= Shanmugam Subbaiah =

Indian film distributor

Shanmugam Subbaiah (1930–2012) was a well known film distributor in the Madurai district of Tamil Nadu, India, with an experience of 40 years. His initial film career started off as a ticket checker in the Natraj film theatre in Karaikudi. Then he advanced to become the owner of the same theatre. This was followed by a series of successes which made him start a film distribution unit called 'Venkateshwara Films' in the Thirunalveli district of Tamil Nadu. After that turned out to be a success, he proceeded to Madurai and started another unit called 'Vaideki movies ' as a partnership with noted producer, lyricist and writer Panju Arunachalam. He kept closing and opening distribution units due to internal problems. He retired from film distribution at the end of the 20th century due to chronic health problems.

== Early life ==
Shanmugam was born to Subbaiah, a rich businessman, and Seethai, a rich landlady belonging to the Ilupakudi village, in the Karaikudi district of Tamil Nadu. His mother died some time after his birth and his father married another woman. He was hated by his stepmother who did not even give him food to eat. He was a talented boy and was also a star footballer in his school, but he had to discontinue schooling due to lack of support. He was born a rich boy but live like a poor one. His aunt bore witness to this and made him stay at her house in Aravayal. His uncle got him the job of a ticket checker at the Natraj theater, following his interest in the cinema industry. Due to his determination and hard work, he was liked by the theater owner and was eventually given the post of manager. And thus, he started his film career.

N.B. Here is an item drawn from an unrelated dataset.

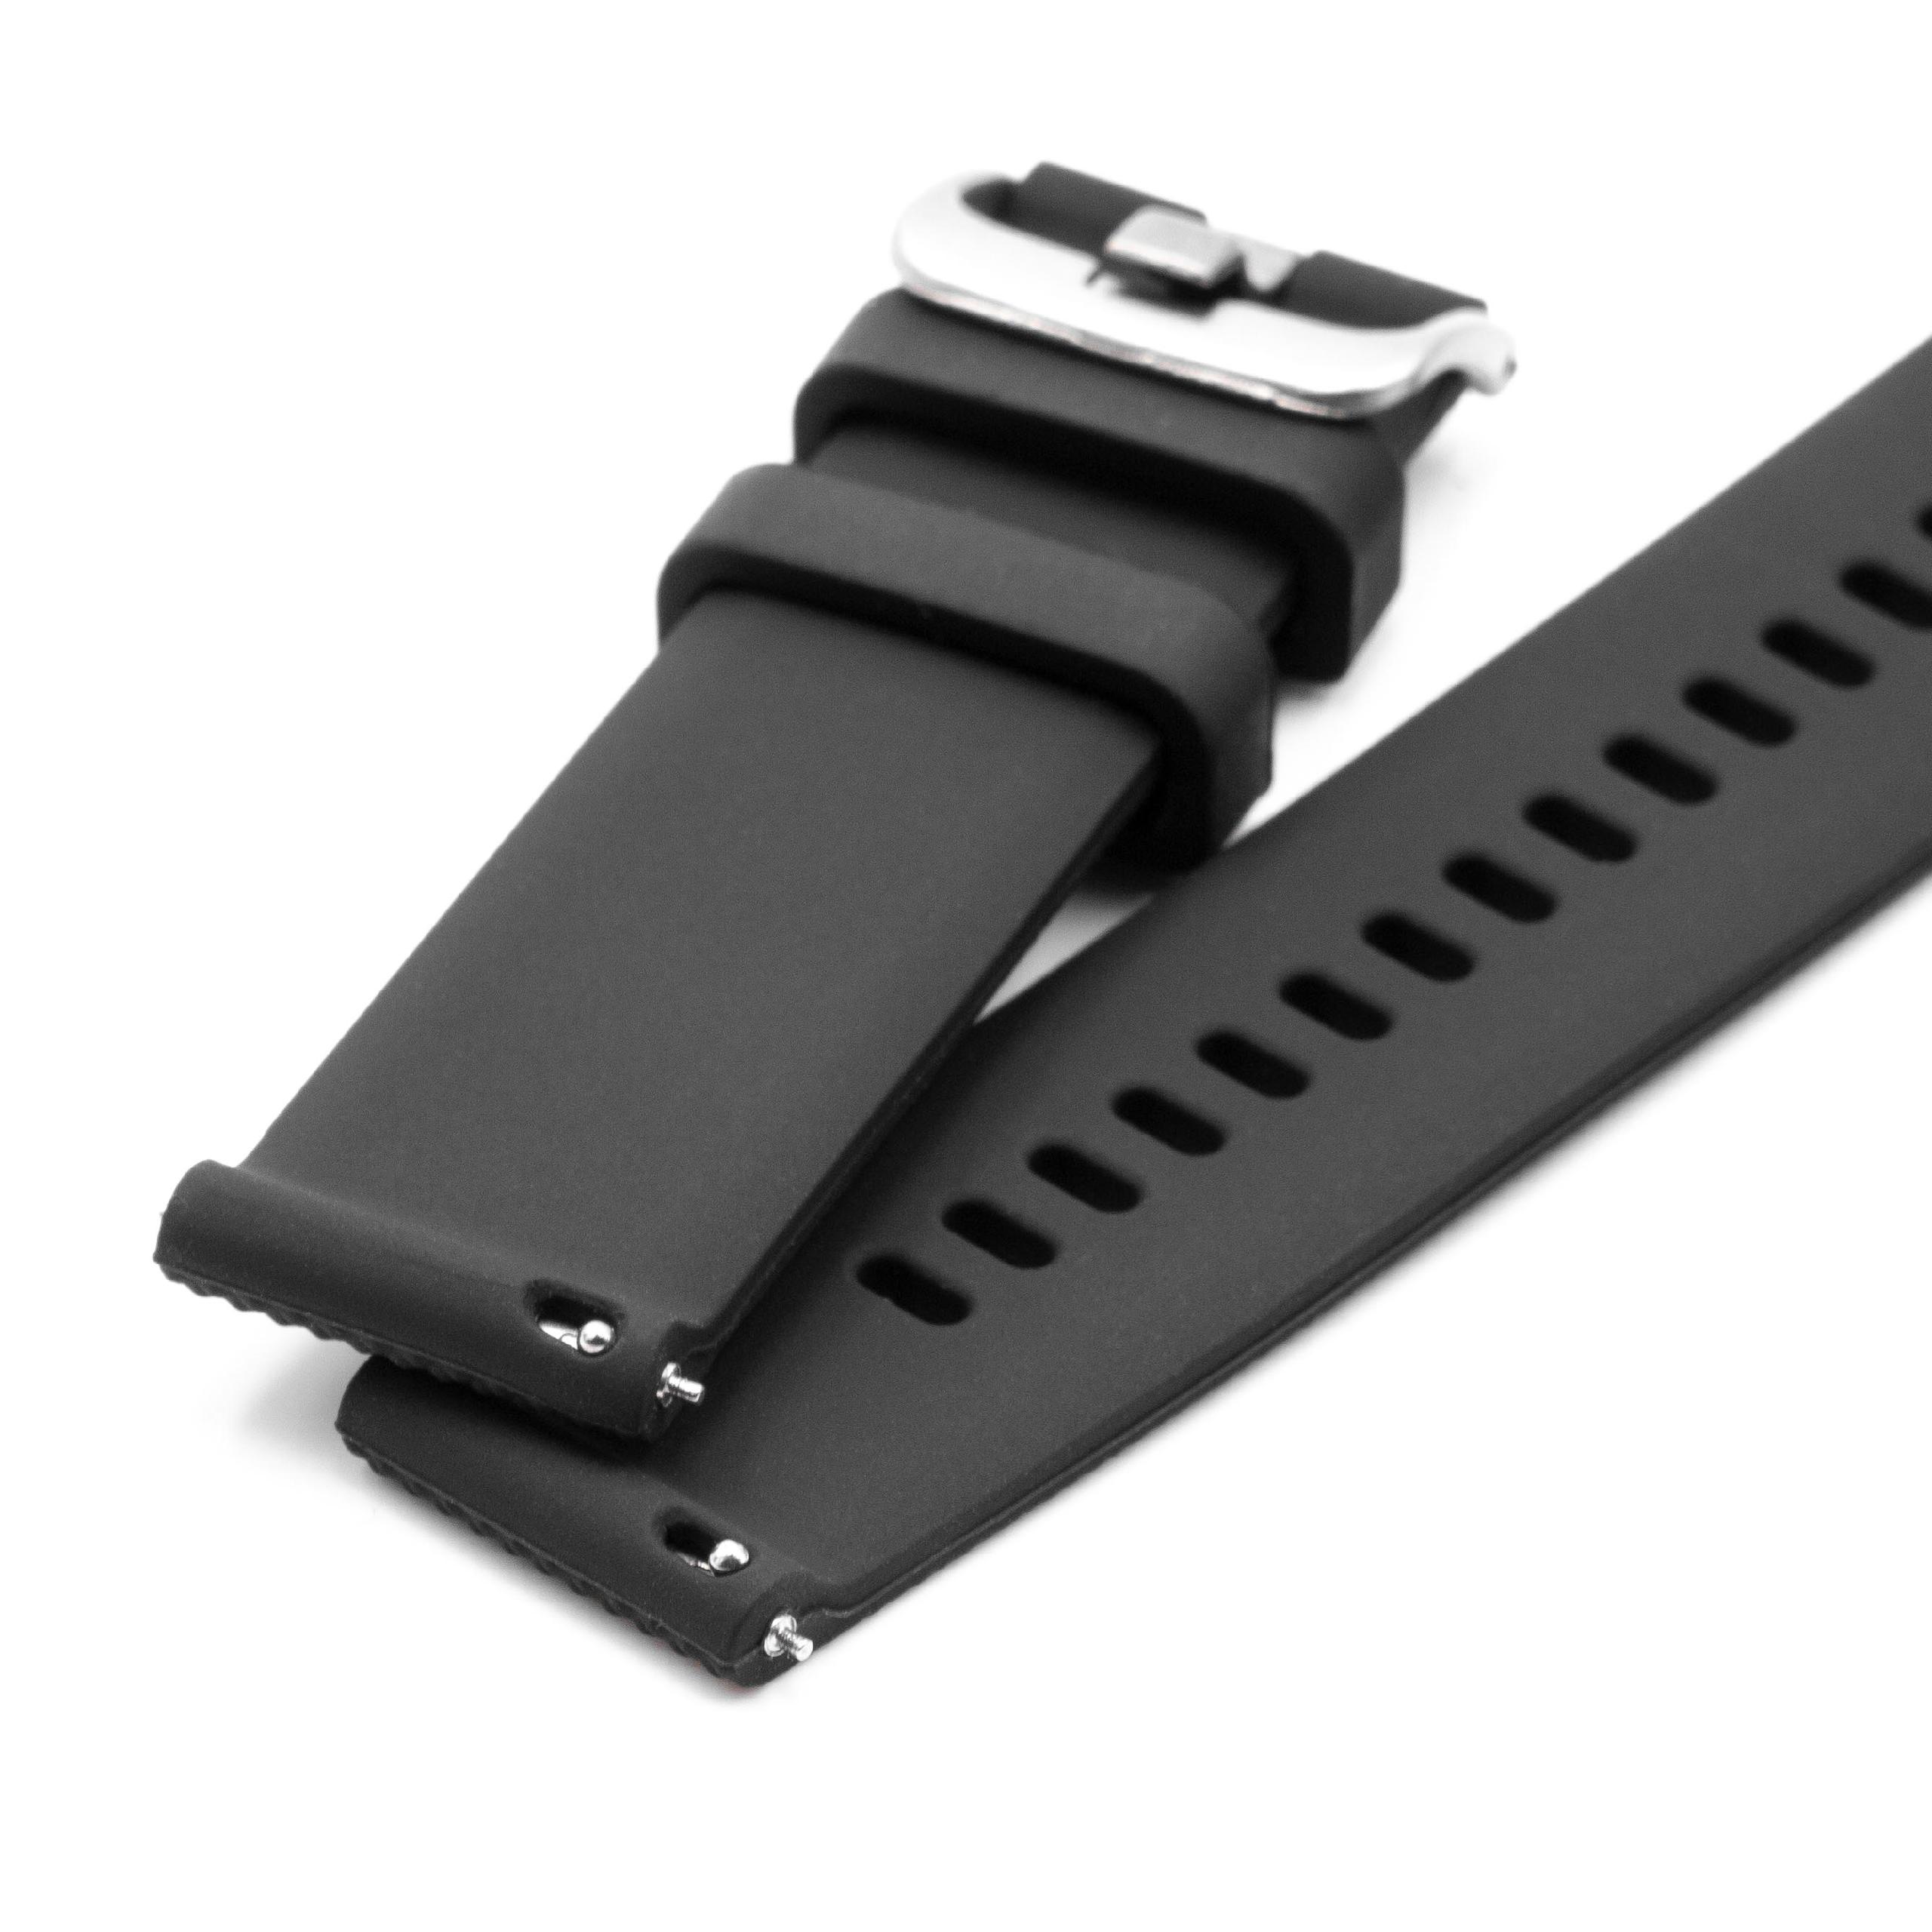 cinturino S per Samsung Galaxy Watch Smartwatch - fino a 226 mm circonferenza del polso, silicone, nero

Shanmugam married Manimeghalai of Kandadevi, a village adjoining his hometown and moved to a rented flat in Thirunalveli. He had five children in all. He started a film distribution circuit called ‘Venkateshwara films’ as a joint venture. It was a success . This was his first attempt at distribution. Then he started his lone distribution project in the form of ‘Priya films’. That too was a success. He received a big income and distributed a large number of films. He wanted to replicate his success at an even bigger scale. So he closed that unit and from the rented flat of Thirunalveli, he shifted to his own house in Madurai.

In Madurai, he started a distribution company called ‘Vaideki movies’ with Panju Arunachalam as a partner. It was a major hit. He mostly distributed films of Actors Rajinikanth and Kamal Haasan. He had also distributed the films of Actors Sivaji Ganesan and MG Ramachandran from his previous unit, including the super hit Sivaji film ‘Vazhkai’. He closed this unit and started another one called ‘Gayathri films’. This was his last unit and that too was a major hit.

== Problems ==
It was his film career, which brought him his fortune, that caused his downfall. The tension and pressure of success prevented him from sleeping and breathing properly. This made him take overdoses of sleeping tablets. This cost him dearly in his later days. He lost his hearing and could only see partially. He could not walk properly. His neural system got damaged severely. He tried to fight it but could not. He died on 26 May 2012.